*The task*. Each line of the data below goes into the copy exactly; pictures do not.

*Data segment*.
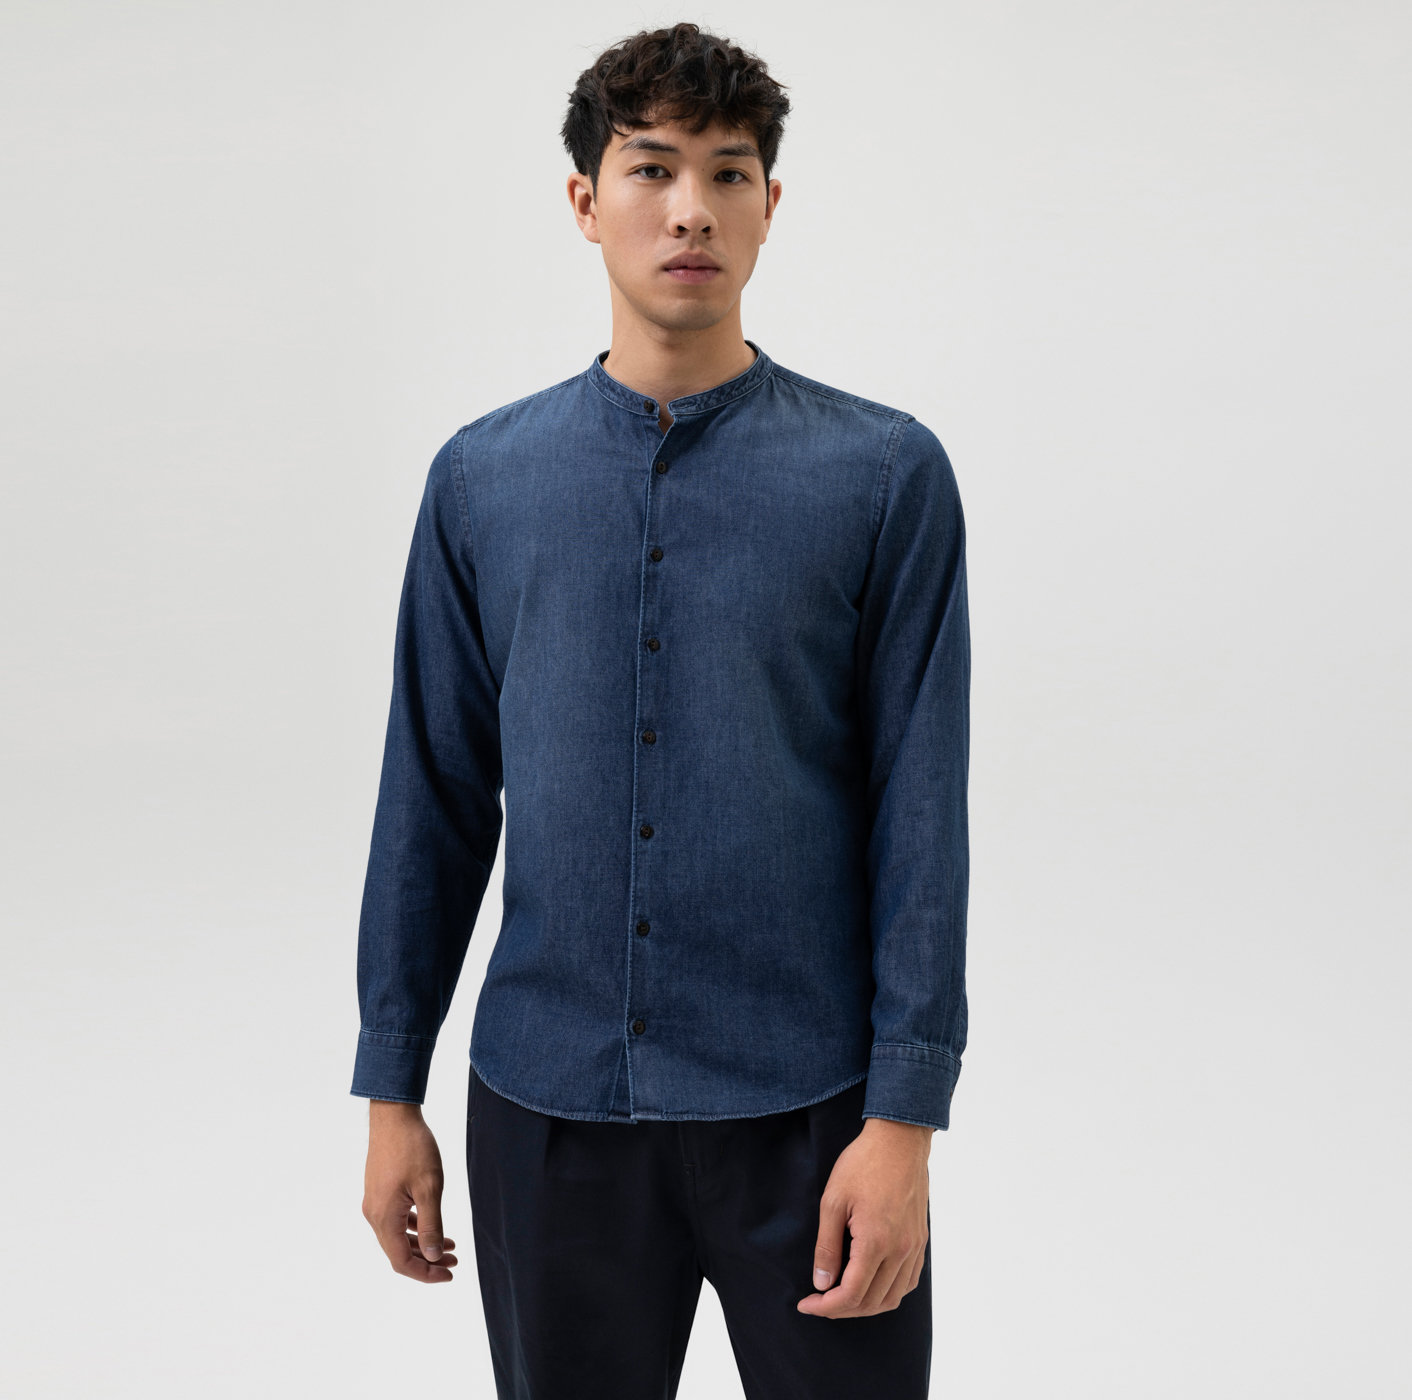 body Casual, 32402496 | - | Indigo collar Five Level Casual Smart fit, OLYMP Stand-up shirt
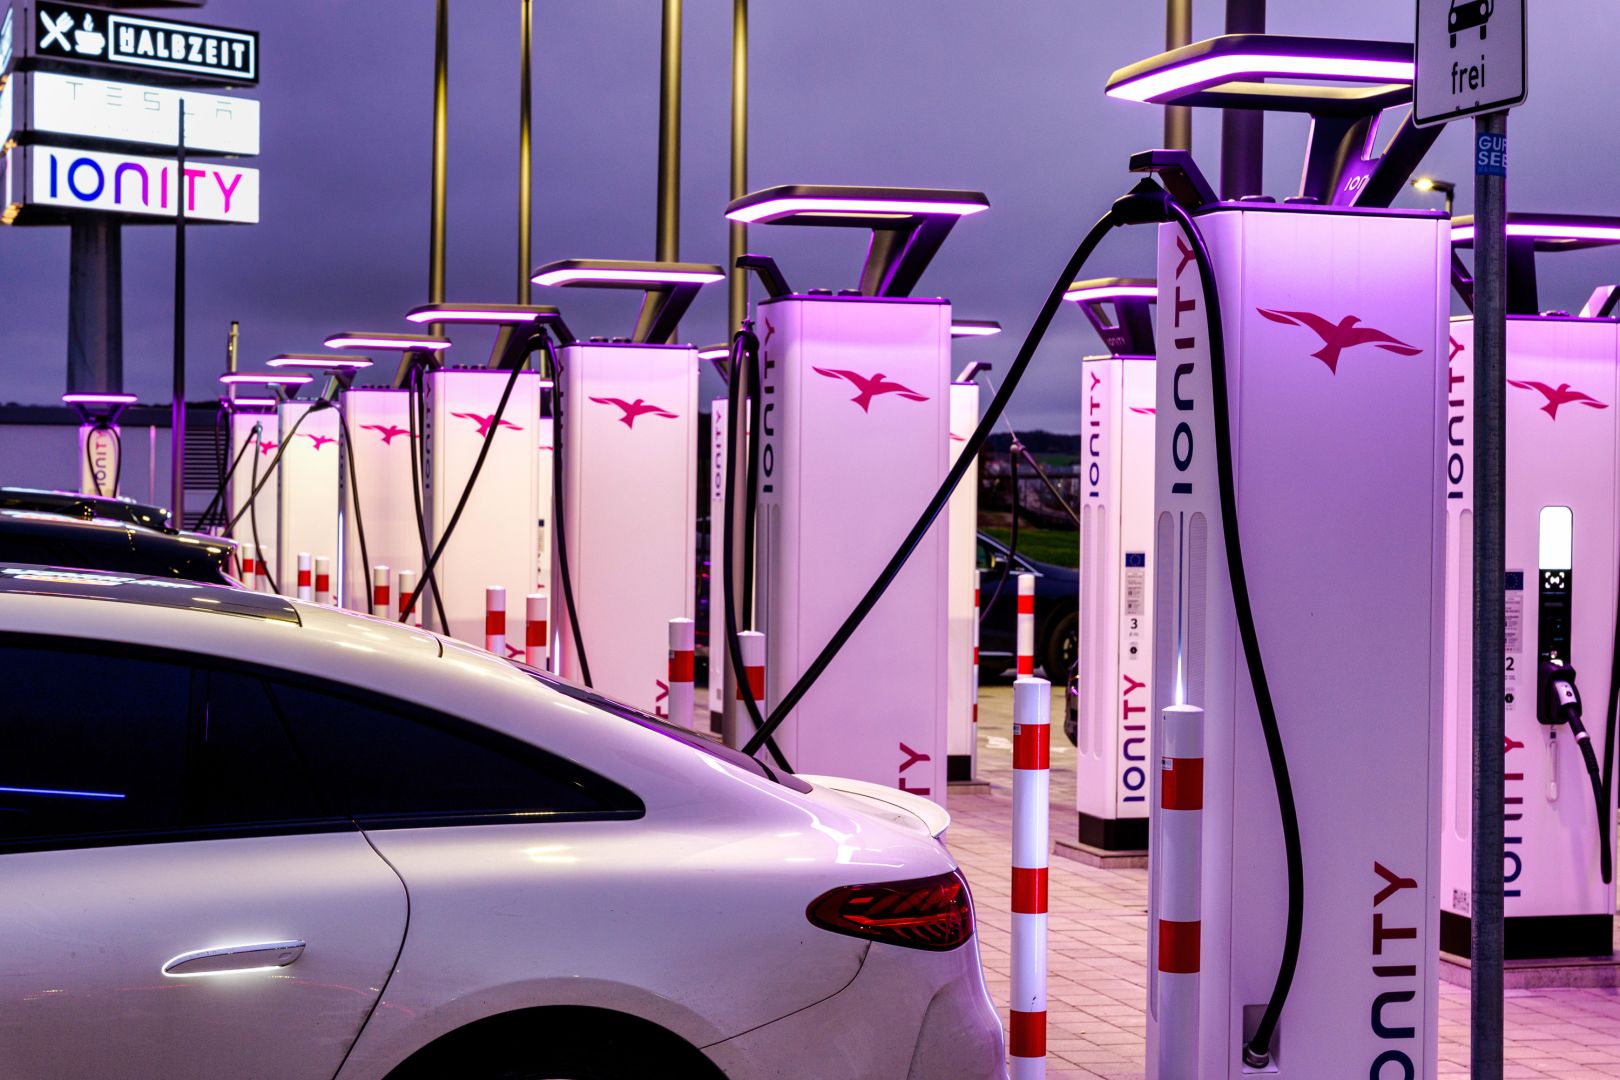 Highways are getting more charging stations
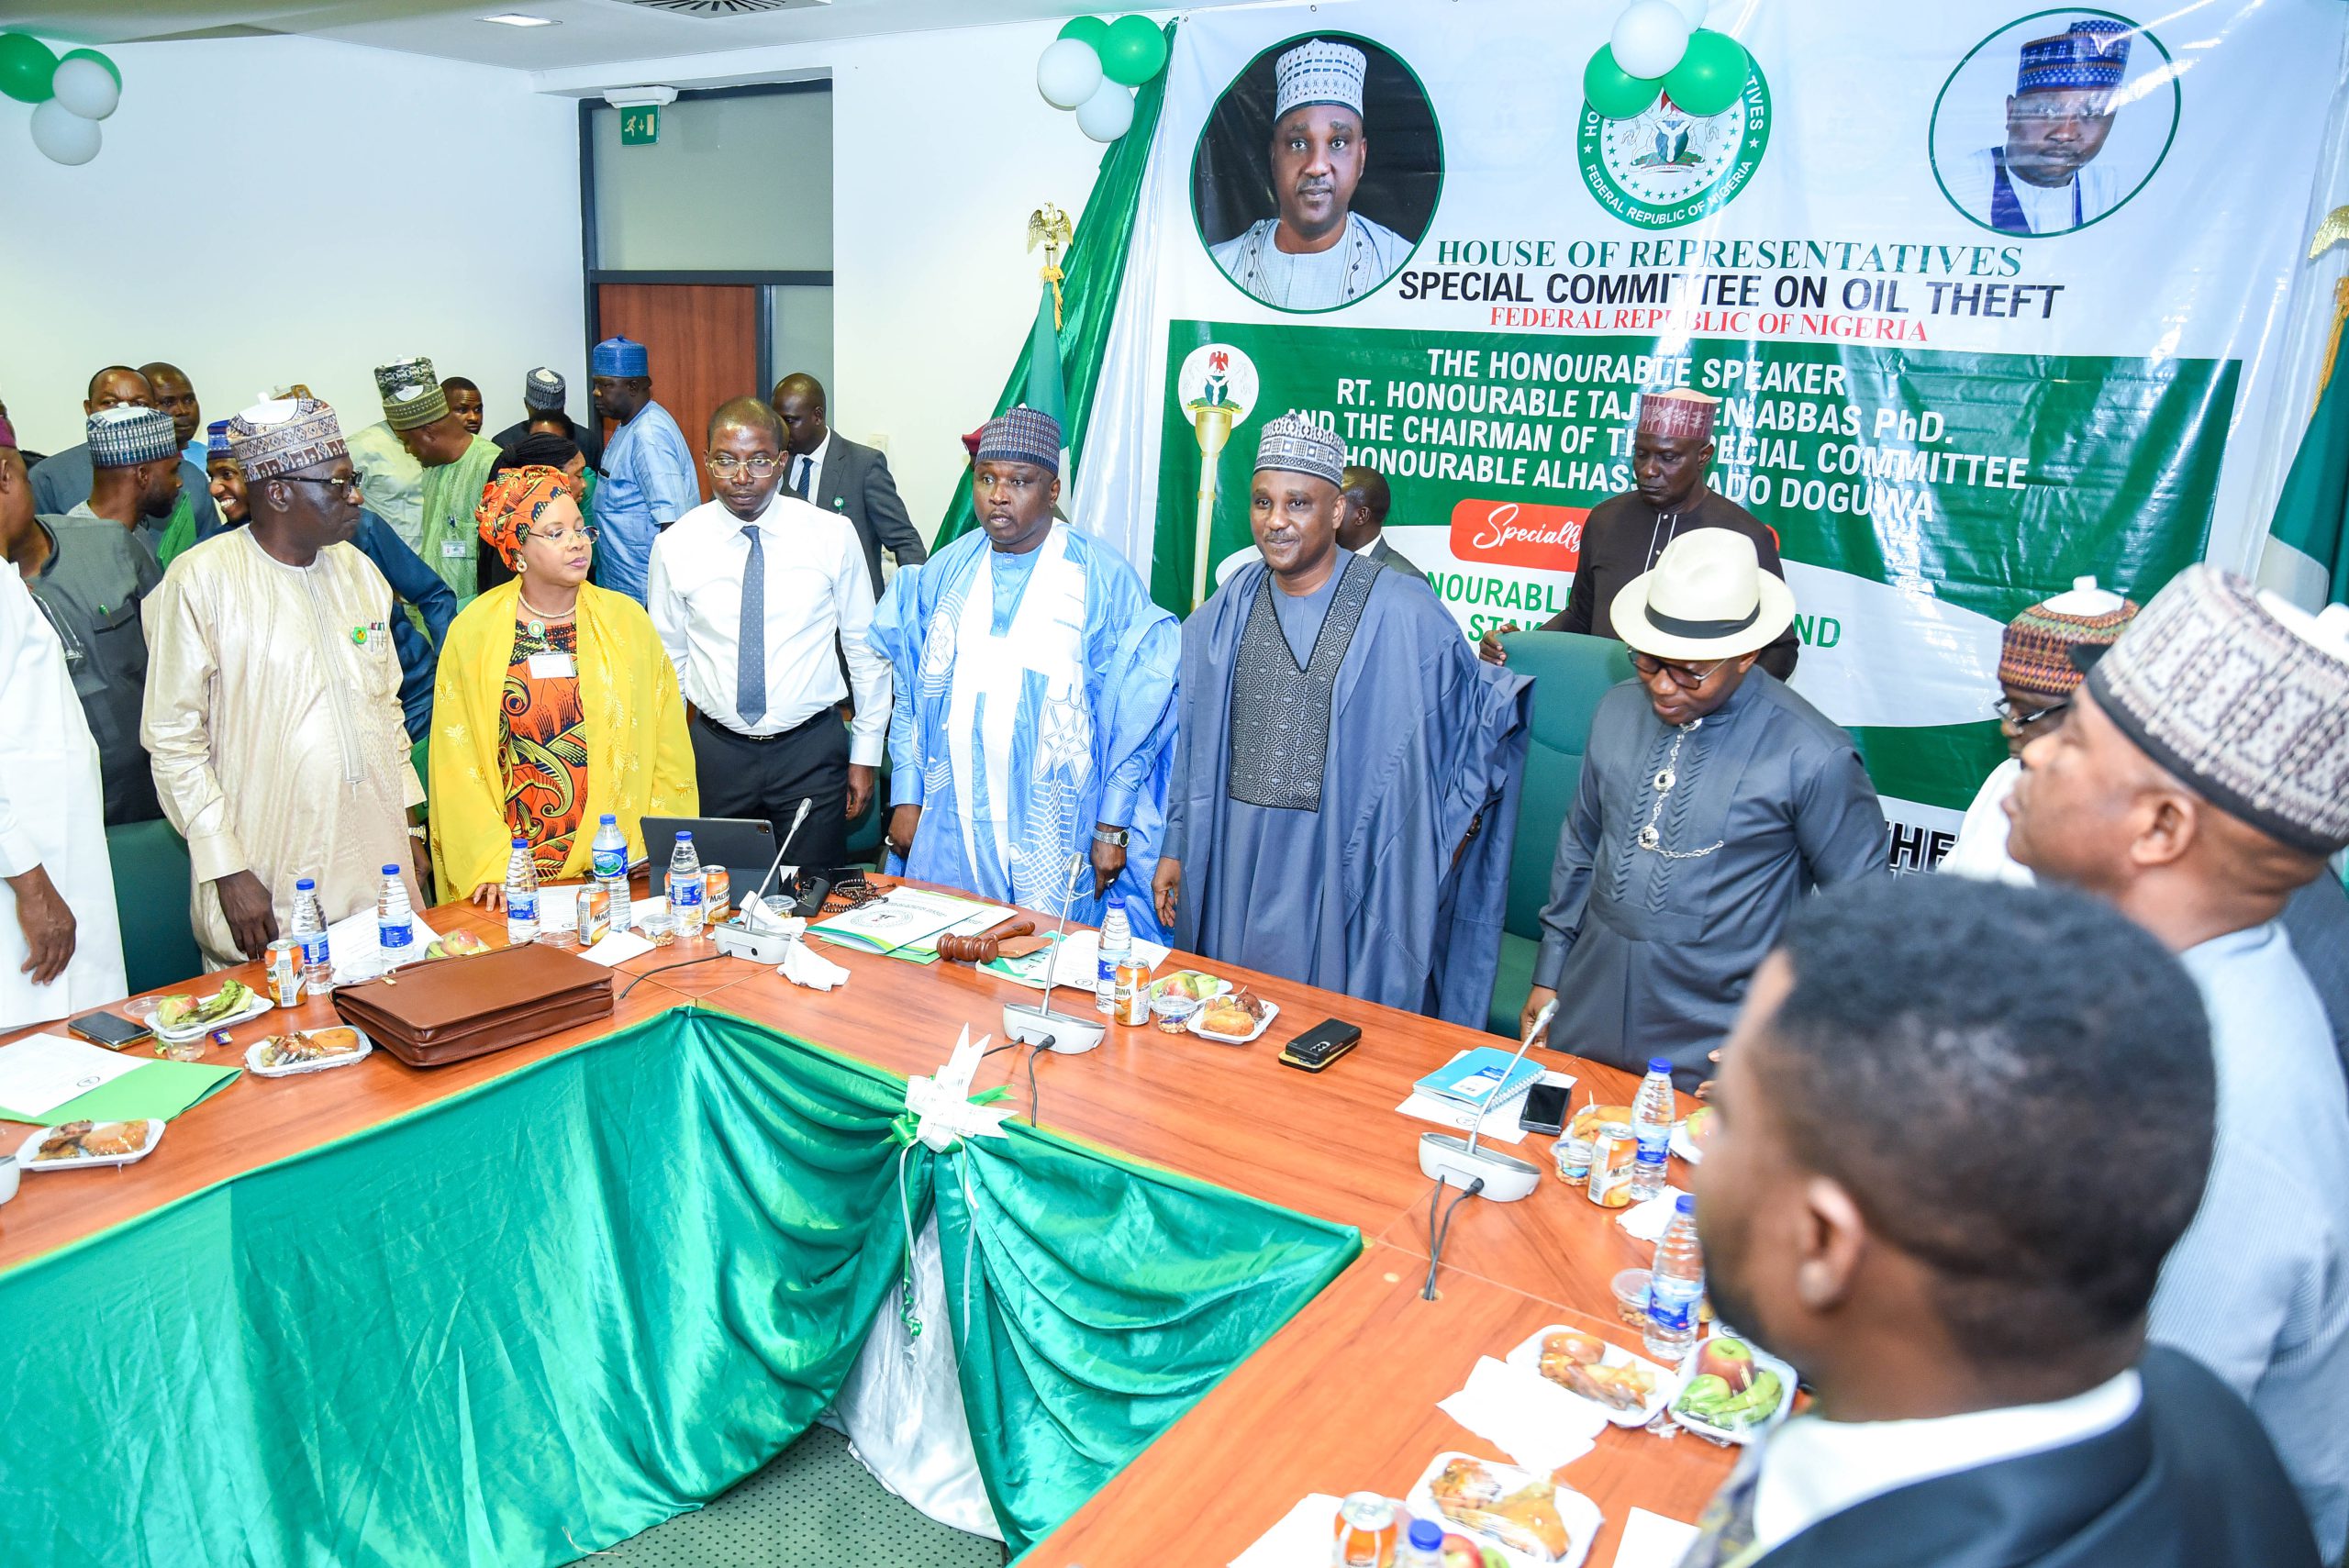 nauguration of the Special Committee on Oil Theft at the National Assembly

*Answer for this exercise*.
 body Casual, 32402496 | - | Indigo collar Five Level Casual Smart fit, OLYMP Stand-up shirt
 Highways are getting more charging stations
 nauguration of the Special Committee on Oil Theft at the National Assembly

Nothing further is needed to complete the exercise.